悲哀を誘うようではなく、ただ己の情けなさや不甲斐なさに涙を流しているようだった。
それは他人から見れば呆れる光景なのだろうが、私にとってはただ心痛のする光景だった。

私はようやく彼女のここまでの行動の意図が読み取れた。
だからこういうことだったのだ。彼女が薄く笑ってくれるのは私――奉先への慎ましい謝罪であり、私の情報を聞かないのはそれを聞いて私が逃げ出すことを恐れていた。

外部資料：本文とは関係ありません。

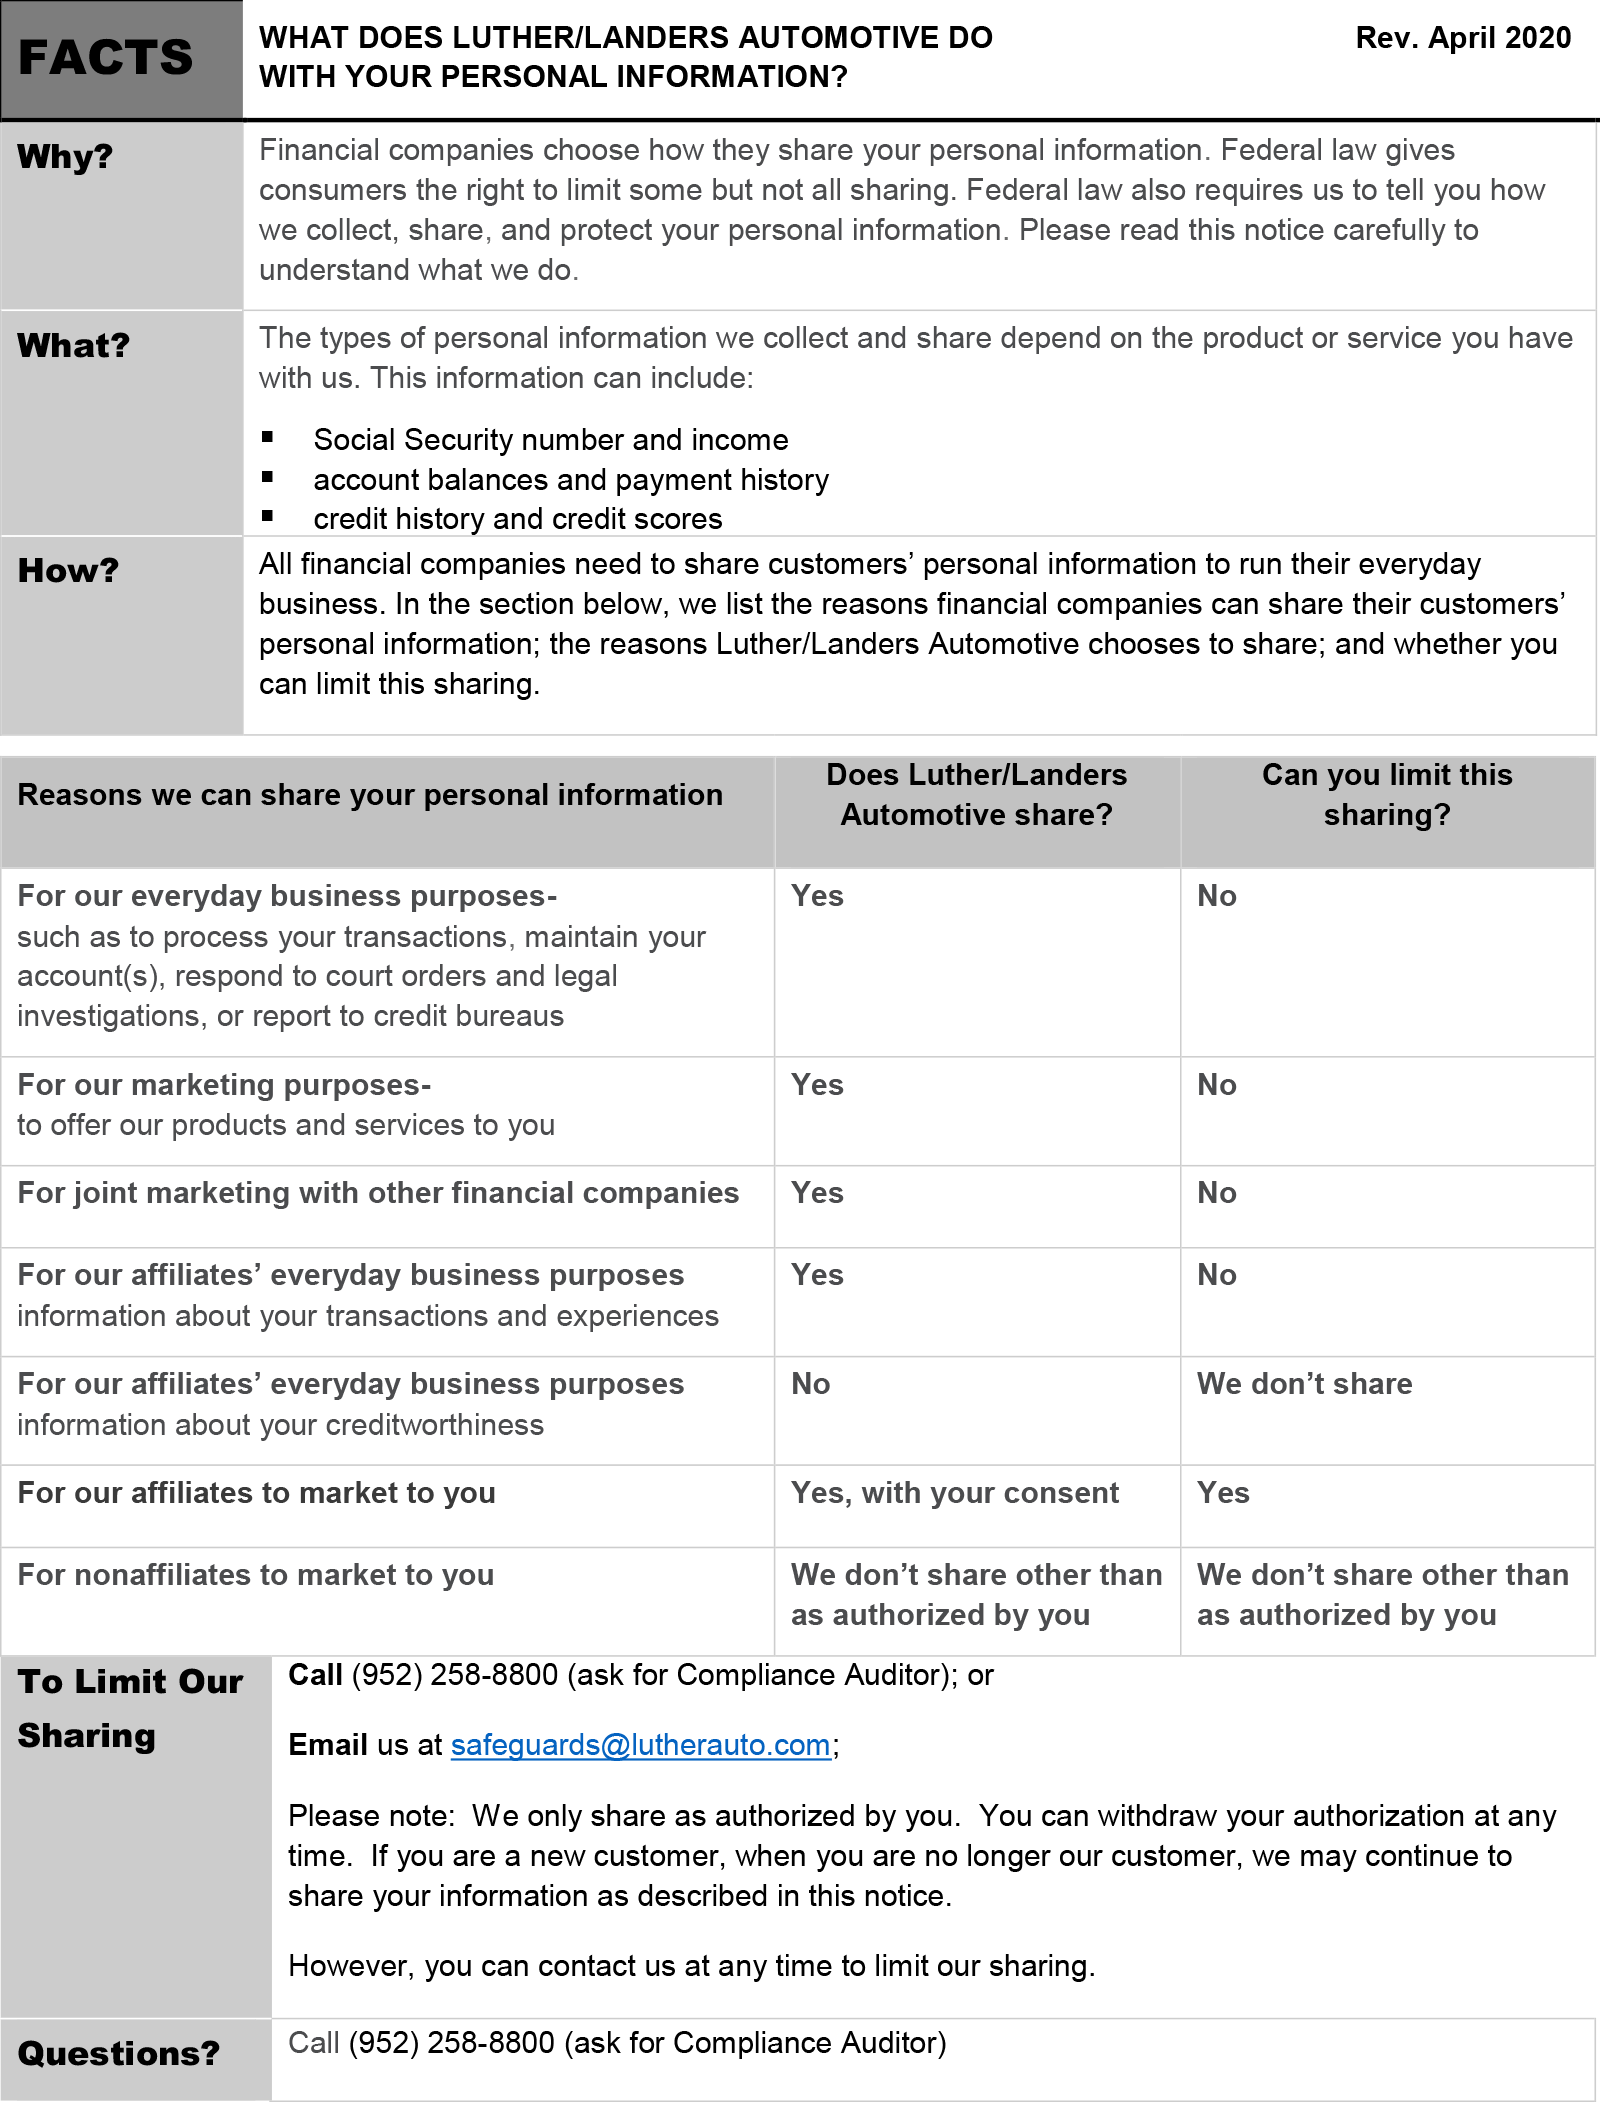 Financial-Notice-April-2020-Page-1-Luther-Landers-Automotive-

私が声も出せずに固まって、ようやく動けるようになっても彼女はしくしく泣いていた。

「なぜ私が呂布などと言うのです」
「明らかではないですか、その力に、その瞳。そして私に必要以上に優しくしてくれた。貴女を奉先様だと思わない理由はありませんわ」

確かに、彼女と行動していたときの私は可笑しかった。現代の平和な日本に生まれた中学生が行うには、酷く冷静すぎる反応だ。
だが、姿かたちも変わって、性別まで変わっているのにどうして気づくものか。

今からどう反論しても無理だろう。私が息を飲んでしまった時点で――いいや、それより前に彼女は私がそれだと確信していた。

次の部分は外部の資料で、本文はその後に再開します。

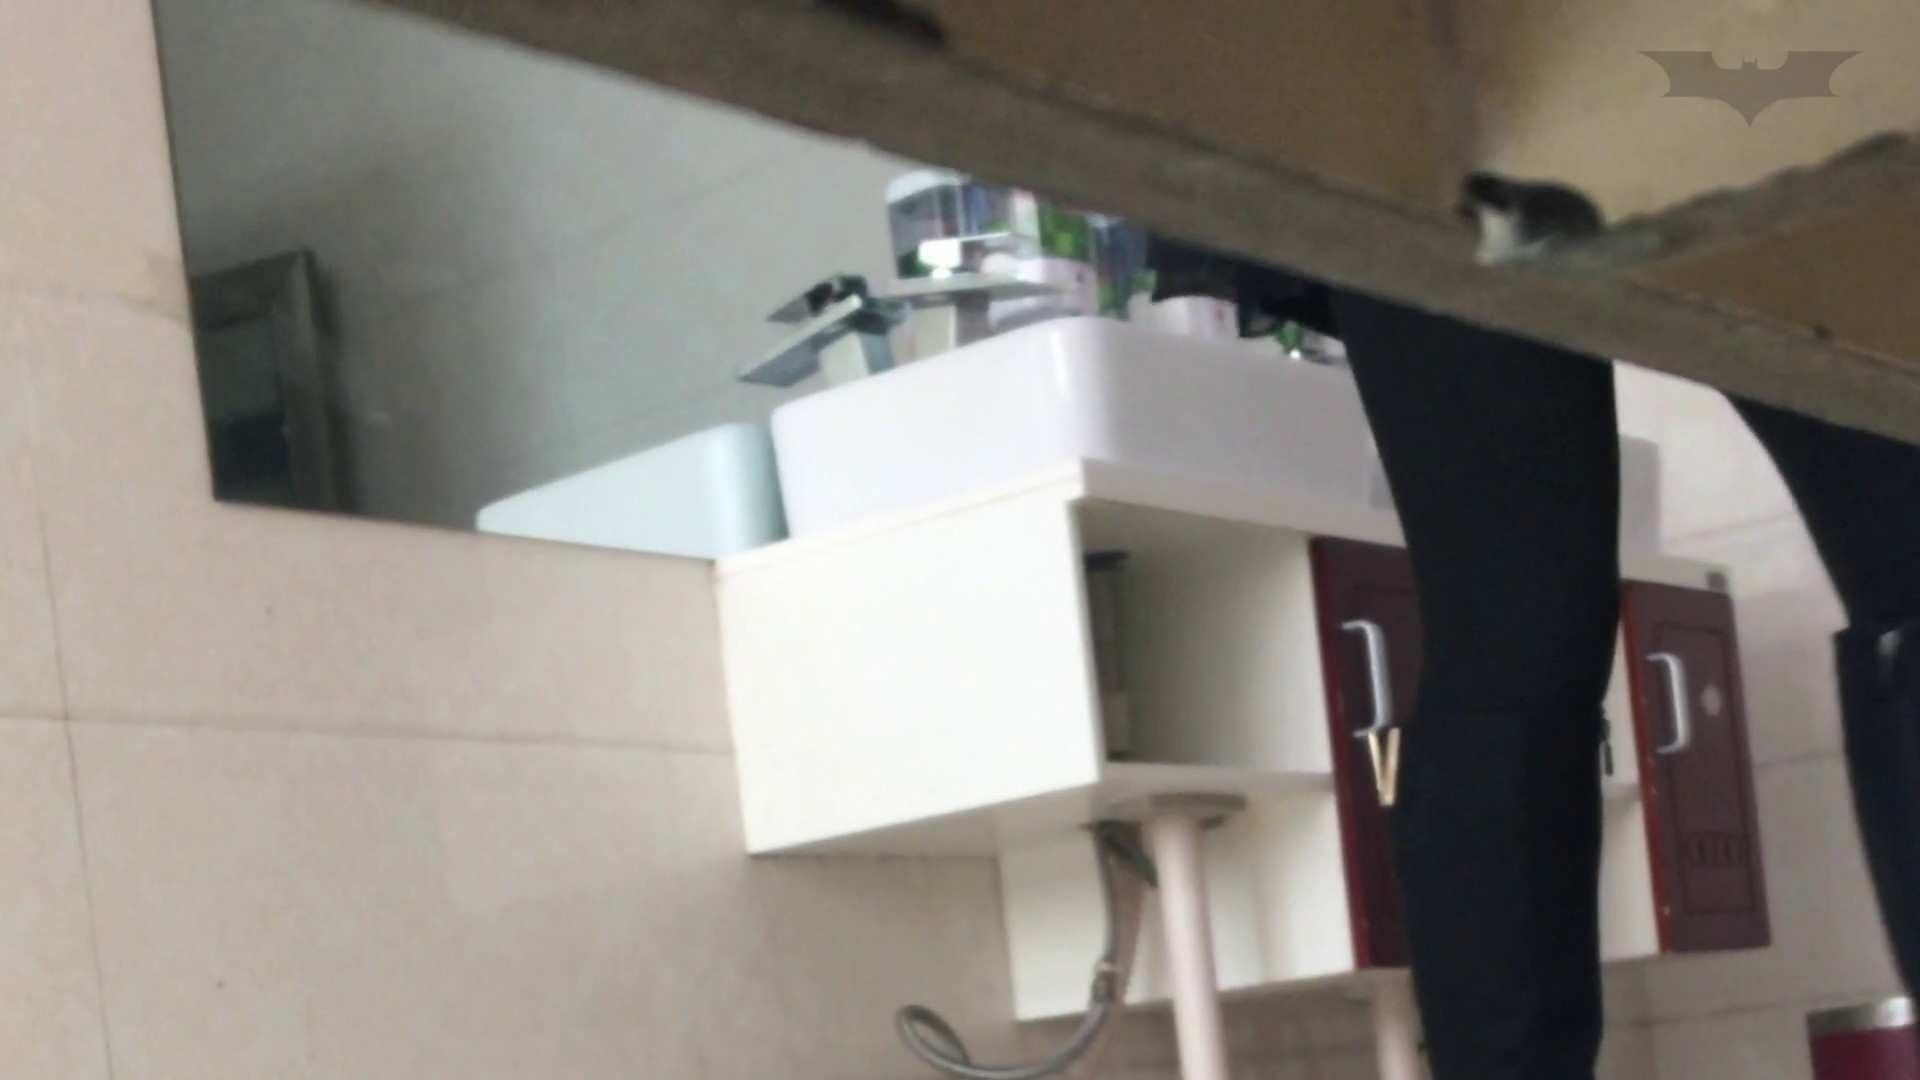 芸術大学ガチ潜入盗撮 JD盗撮 美女の洗面所の秘密 Vol.114 美肌 エロ無料画像 50画像 5

「奉先様、奉先様! 私が悪かったのです。貴方を裏切ったばっかりに、利用したばっかりに! でも、本当に愛していたんです。最初は確かに計略のためでした。しかし貴方の力ではなく、この乱世にあっても優しい心に惹かれたのです! しかし私は最後の最後に貴方を信じられなかった。ならばせめて貴方の死に際などみたくないと、思って、私は」
「貂蝉」
「ええ、憎まれて当然です。蔑まれても、殺されても文句など言えないのです! でも、変わらずに接してくれる貴女の姿が嬉しくて、笑ってくれと言ってくれるその言葉が苦しくて、申し訳なくて、それが、奉先様への僅かながらの詫言とできるのならば」
「黙れといっている。貂蝉」

感情に任せて吐き出されていた言が、ビクリと言う身体の震えとともに止まる。
そんなこと、聞きたくなかった。
貂蝉は負け戦から一人逃げ仰せ、その先でまた誰か男を騙していると考えれば、まだ溜飲も出来ただろうに。

そんな不幸な面持ちをしていたら、死んだのが悔やまれるだろうに。

未だ流れる涙に、その気持ちの強さを見る。
俯いて頭をたれるようにする彼女は死刑宣告を受ける罪人のようだった。

「……悔いておらぬぞ」
「奉先、さま?」
「俺は悔いておらぬ。お前を信じ、董卓を討ったことも、堕ちて流浪の軍となっても、曹操軍に破れ、お前が逃げ、全てが計略の手のひらの中だったと知っても。俺は呂布が死んだことを、悔いてはおらん。いくらお前が罪悪感に駆られ、泣きはらそうと、行くなと言おうともだ」

腫れぼったくなった瞼に口付けをする。
驚いたように見開かれる痛々しい目元に続けた。

「ならば、呂布という男がお前を愛したことを悔やむこともないのだ」

今までに抱えてきた、全ての感情を入り混ぜ込んだ表情で彼女は泣き崩れた。
抱きつかれ、奉先様奉様と縋りつかれた。
肩をぬらす彼女の涙に、悔やまないといったばかりなのに、死んだのが悔やまれた。